§ **COLLECTED MATERIAL**
○ ○ ○ ○ ○
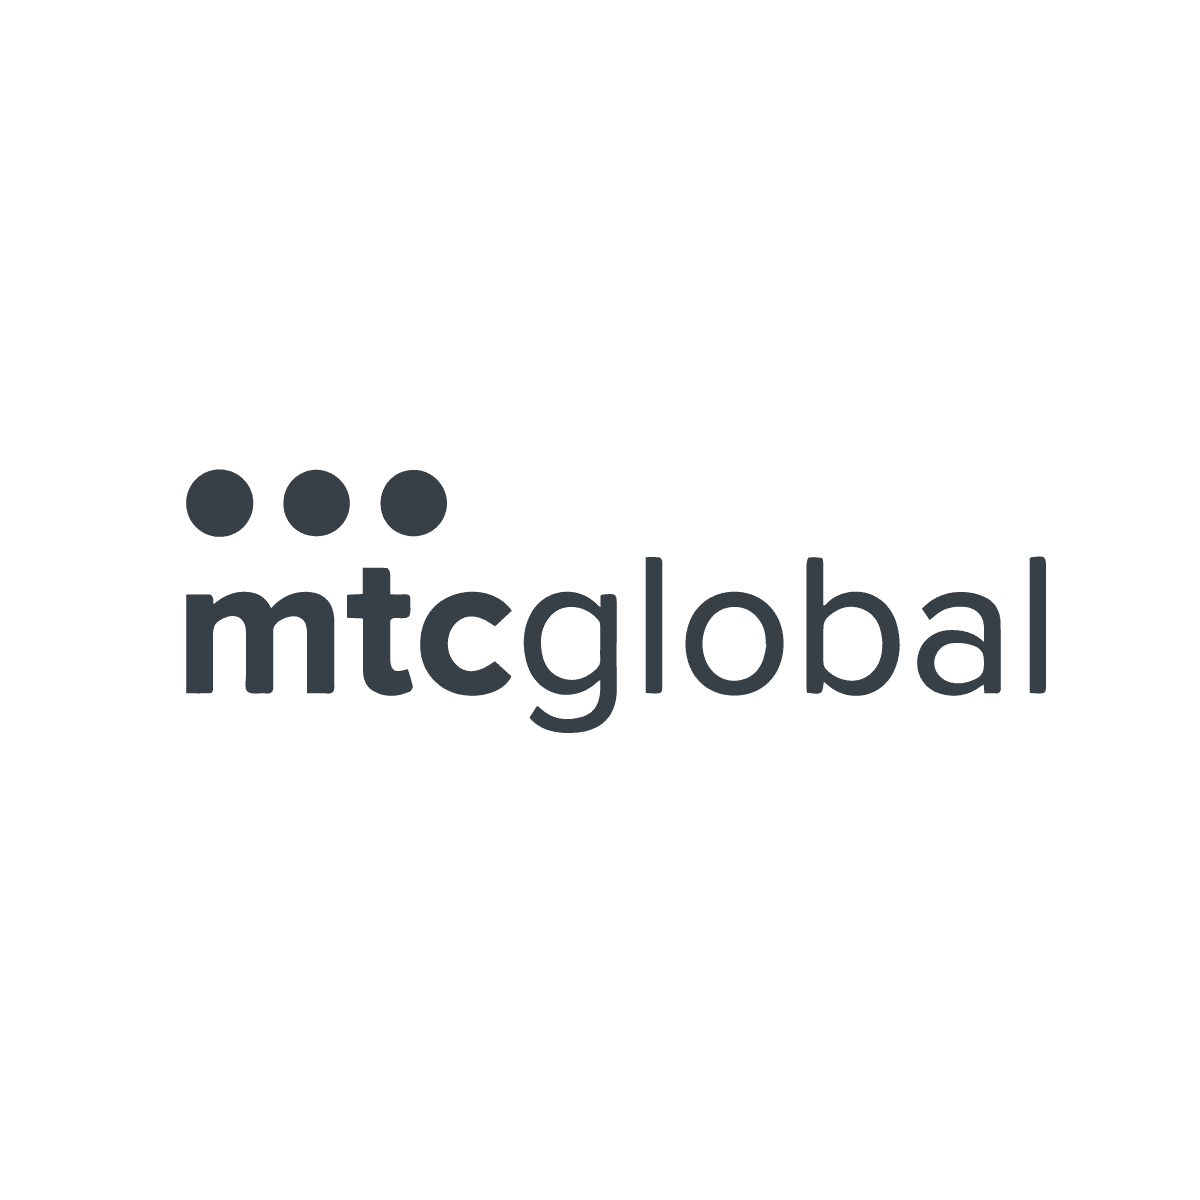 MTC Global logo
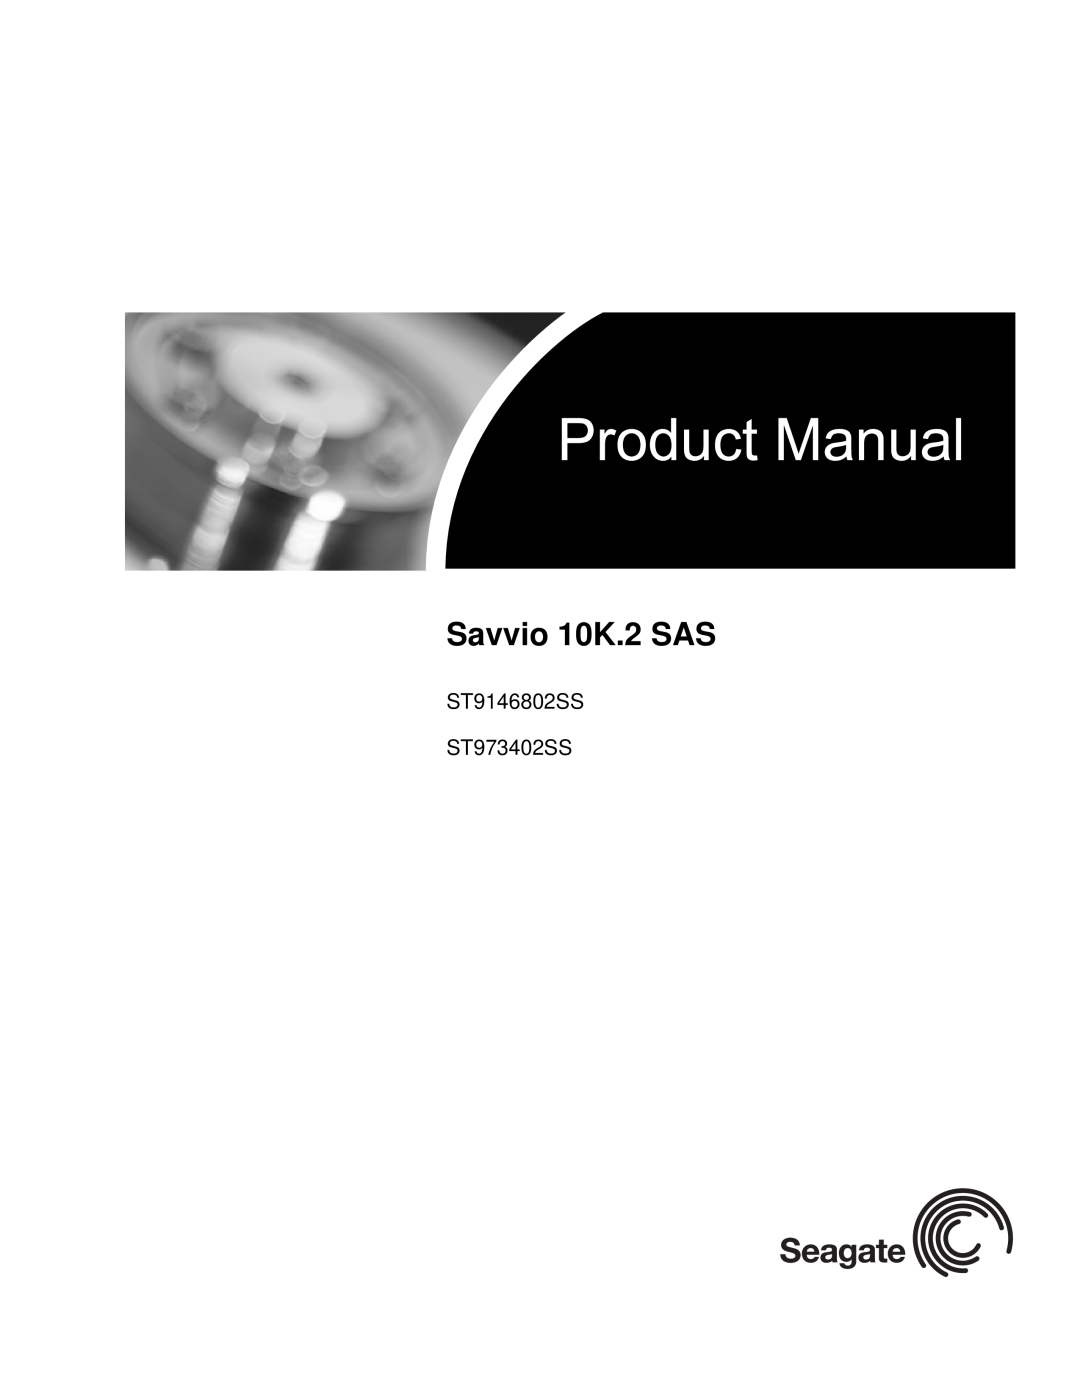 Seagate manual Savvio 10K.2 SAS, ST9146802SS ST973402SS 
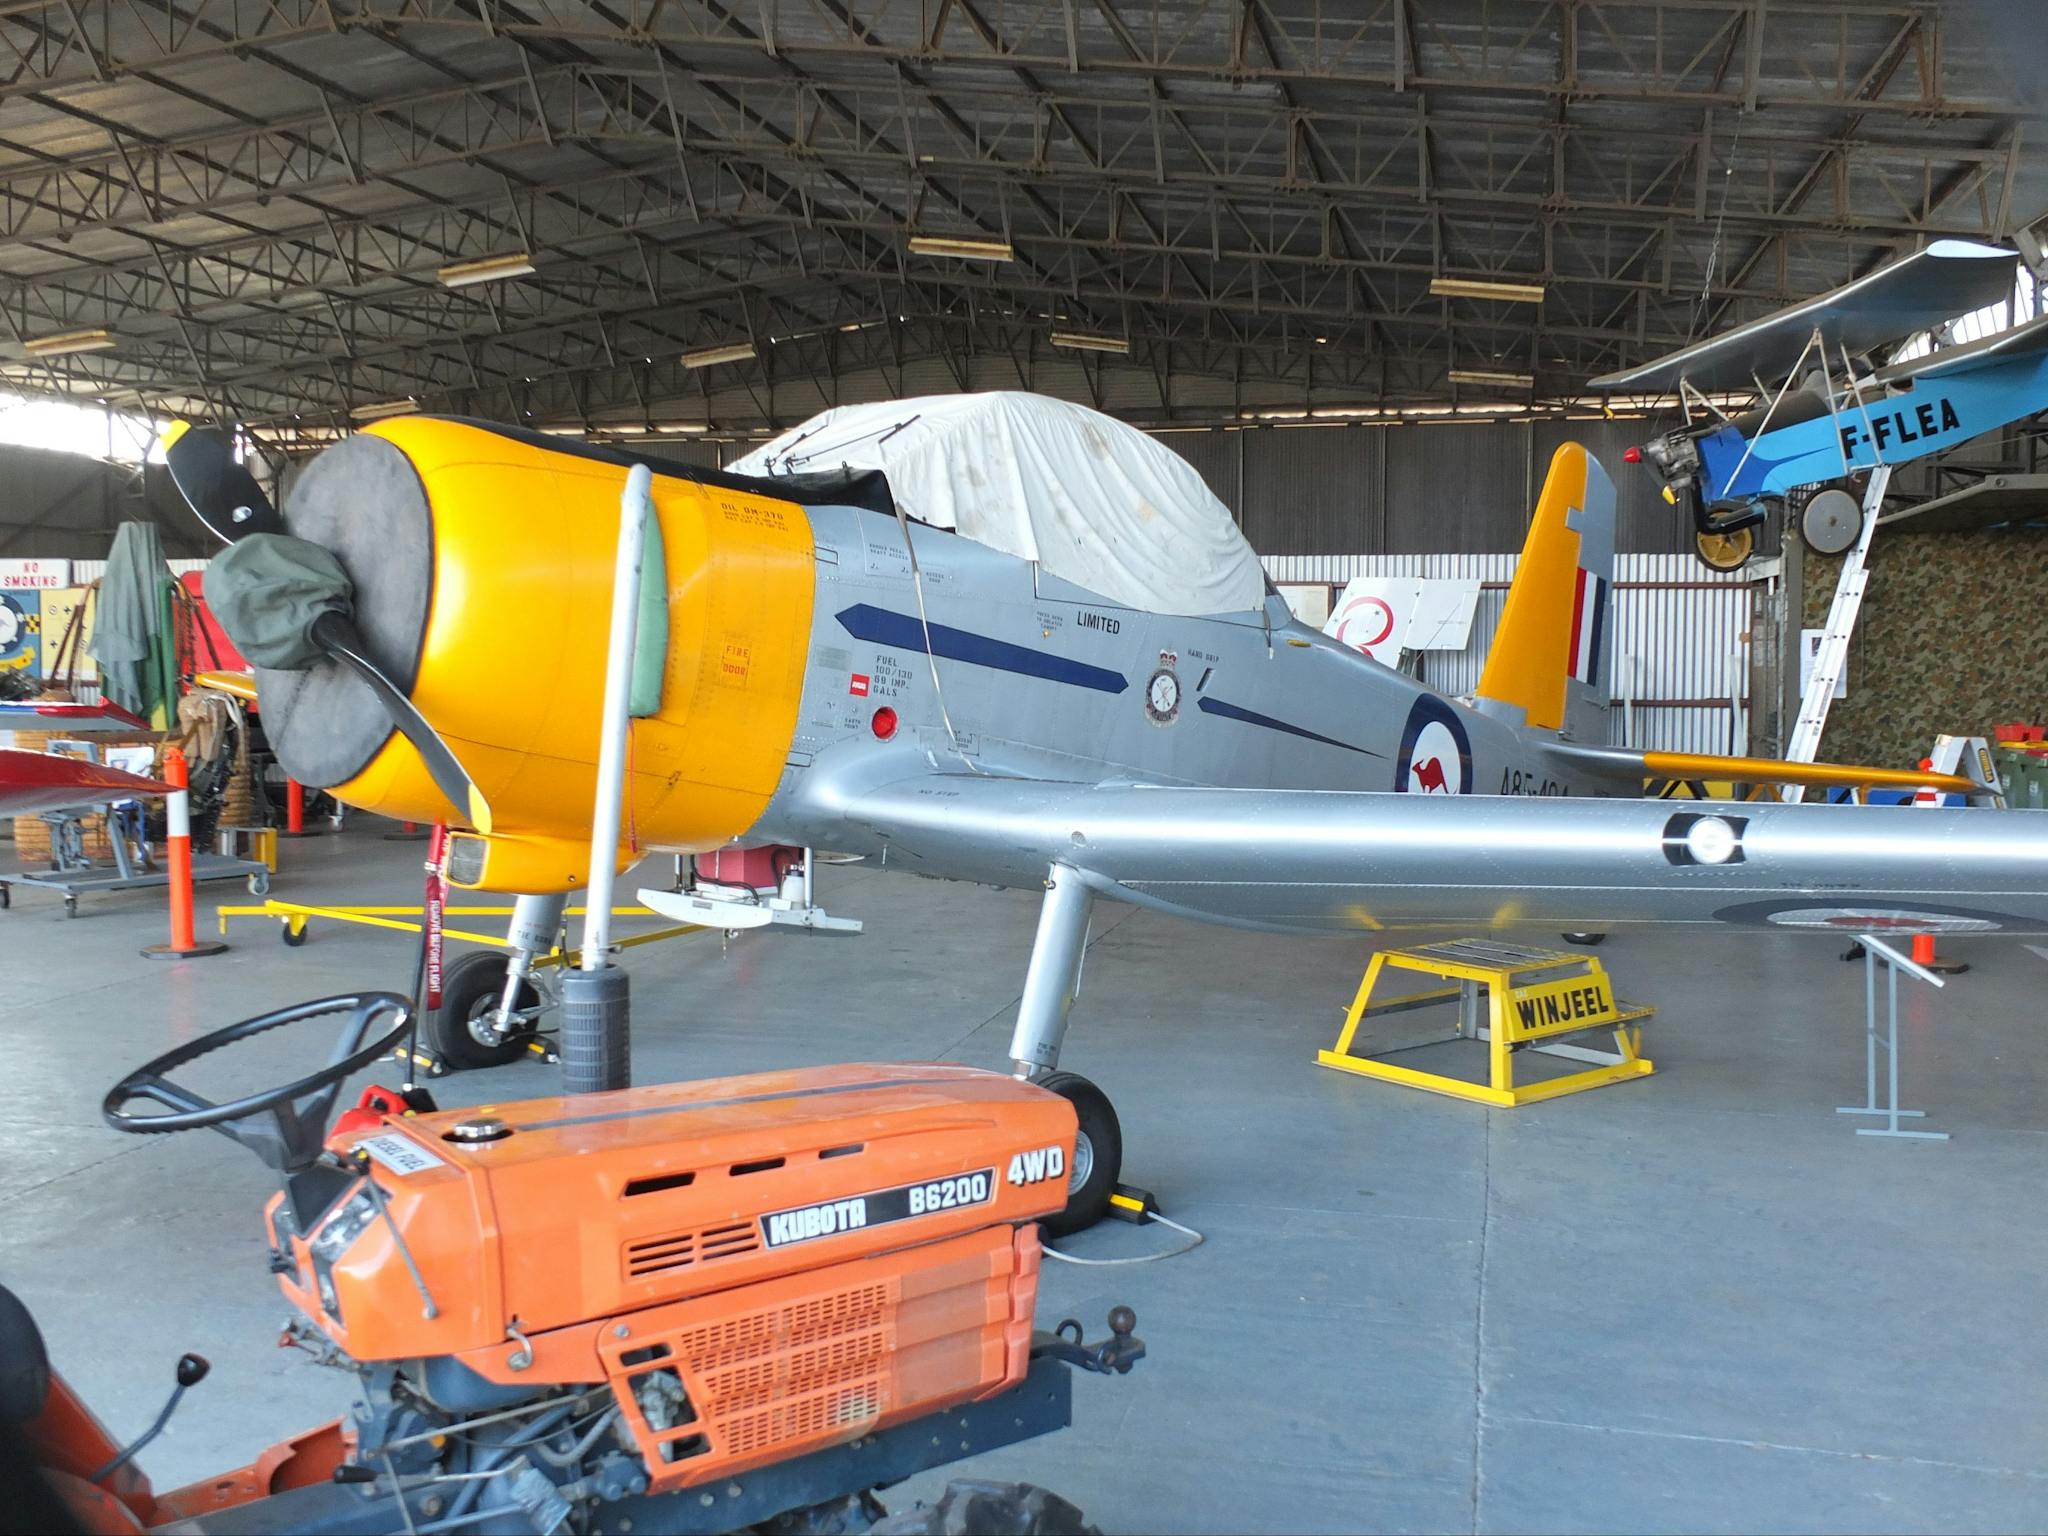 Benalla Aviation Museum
○ ○ ○ ○ ○
§ **ABOUT THIS TASK**
Copy the listing above exactly, minus the pictures.

§ **SOLUTION TO THIS PROBLEM**
 MTC Global logo
 Seagate manual Savvio 10K.2 SAS, ST9146802SS ST973402SS 
 Benalla Aviation Museum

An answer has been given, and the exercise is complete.